In the afternoon the Golden Hind again set sail, Drake being anxious to fall in with the missing ships as soon as possible, and to find some convenient harbour where fresh provisions and needed repose for the wounded men could be obtained.
On the 30th of November the Admiral put into a bay at about the thirty-second degree of south latitude, and forthwith sent a boat to discover what likelihood there was that the place would afford the things they stood in need of. After a long search, neither fresh provisions nor water could be found; but they saw on shore huge herds of buffalo, though no signs of inhabitants. On their return they fell in with an Indian canoe, which, with the person in it, they brought alongside. He was a fine-looking man, dressed in a white shirt reaching to his knees. His hair was long, but he had no beard; he appeared to be of a mild and amiable disposition, and very grateful for the things the Admiral gave him. He was a fair specimen of the gentle and harmless people whom the Spaniards were treating so barbarously.
The native's confidence having been thoroughly won, he was sent away in the Hind's boat, accompanied by his own canoe, that he might be landed wherever he chose. Being put on shore, he met several of his friends, to whom he described the kind treatment he had received, and they, accompanied by their chief or head man, in a short time came off to the ship, bringing hens, eggs, a fat hog, and other provisions. The Indian gave them to understand that they could not obtain a sufficient supply of necessaries at that place, but offered to pilot them to a harbour a short way to the southward, where they might procure all they required.

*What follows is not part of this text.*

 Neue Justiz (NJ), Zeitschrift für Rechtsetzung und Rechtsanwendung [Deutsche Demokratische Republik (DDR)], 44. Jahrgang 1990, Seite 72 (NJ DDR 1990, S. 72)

Instead, therefore, of landing and going in chase of the buffaloes, as they had proposed doing, they set sail under their new pilot, and in a short time came to an anchor in the harbour of Valparaiso, not far from the town of Santiago.

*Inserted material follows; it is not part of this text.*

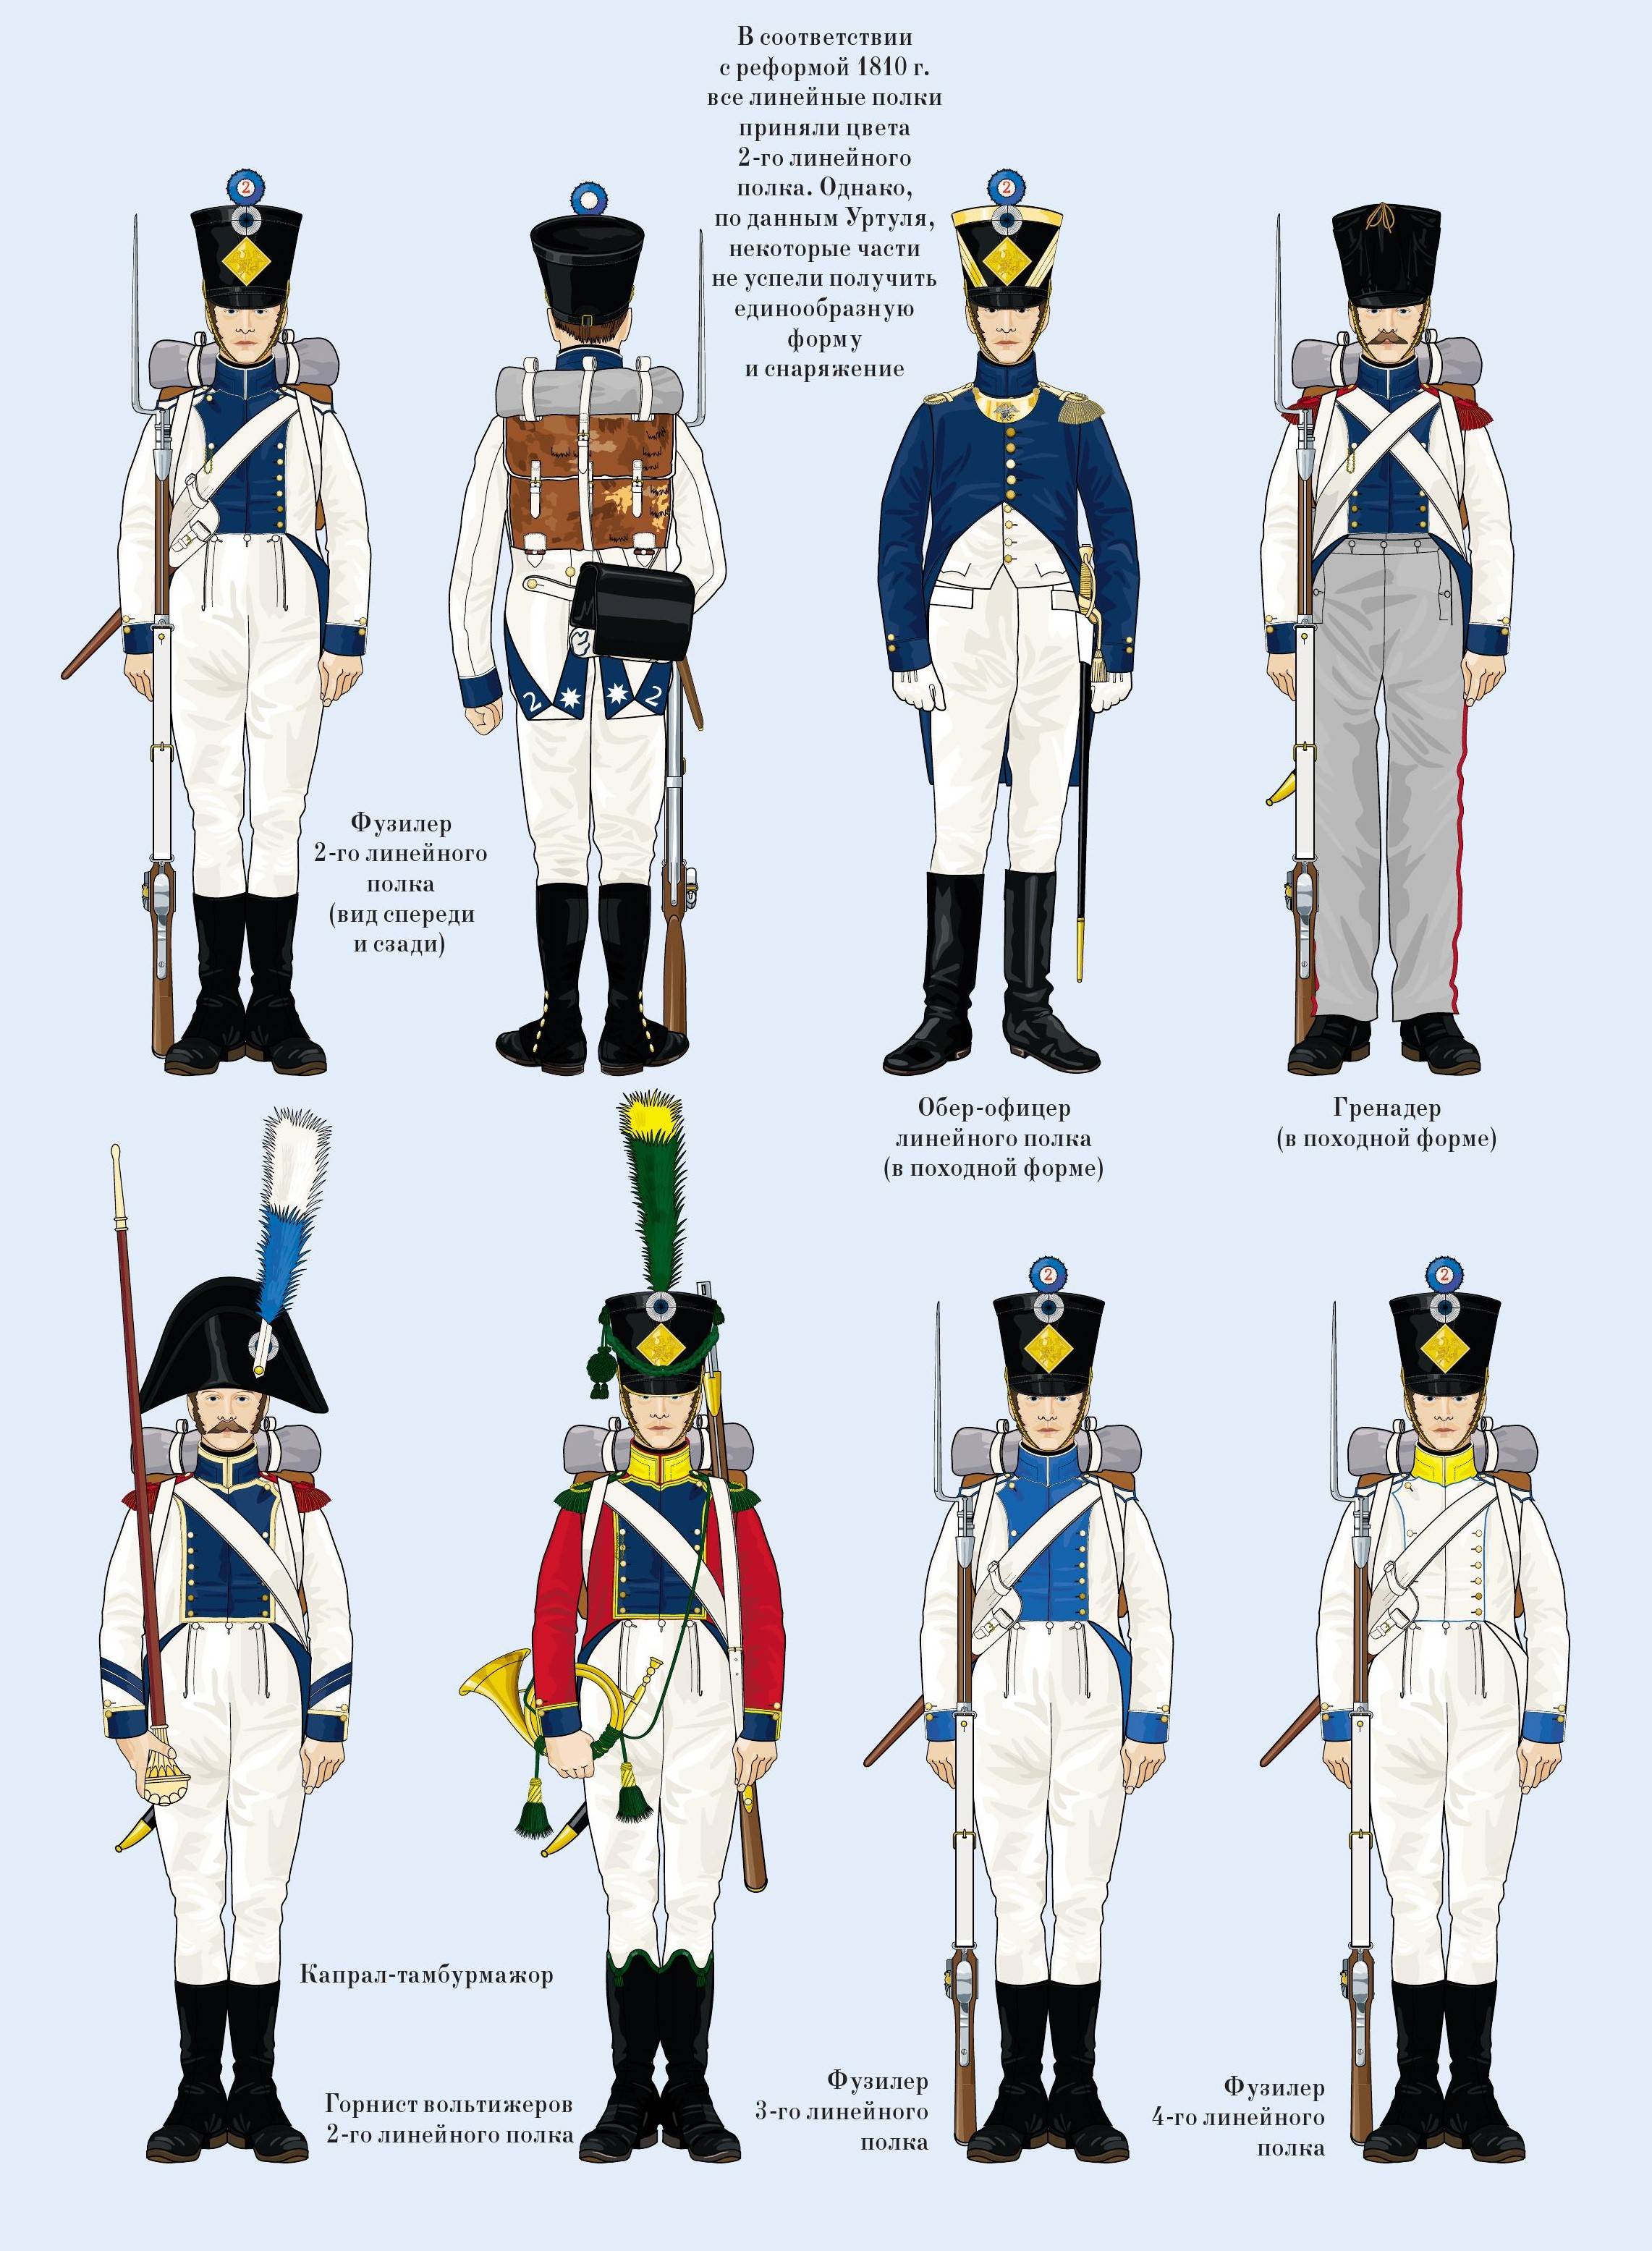 84 Линейный полк Наполеона

None of the missing ships were here to be seen, nor could tidings be obtained of them. They found, however, a large ship, which, as they sailed in, welcomed them by beat of drum, supposing that they were Spaniards. At once, therefore, pulling on board, they rudely undeceived the crew by clapping them all down below, with the exception of one man. He, managing to jump overboard, swam to shore and alarmed the inhabitants, who speedily took refuge inland, carrying all they had time to snatch up.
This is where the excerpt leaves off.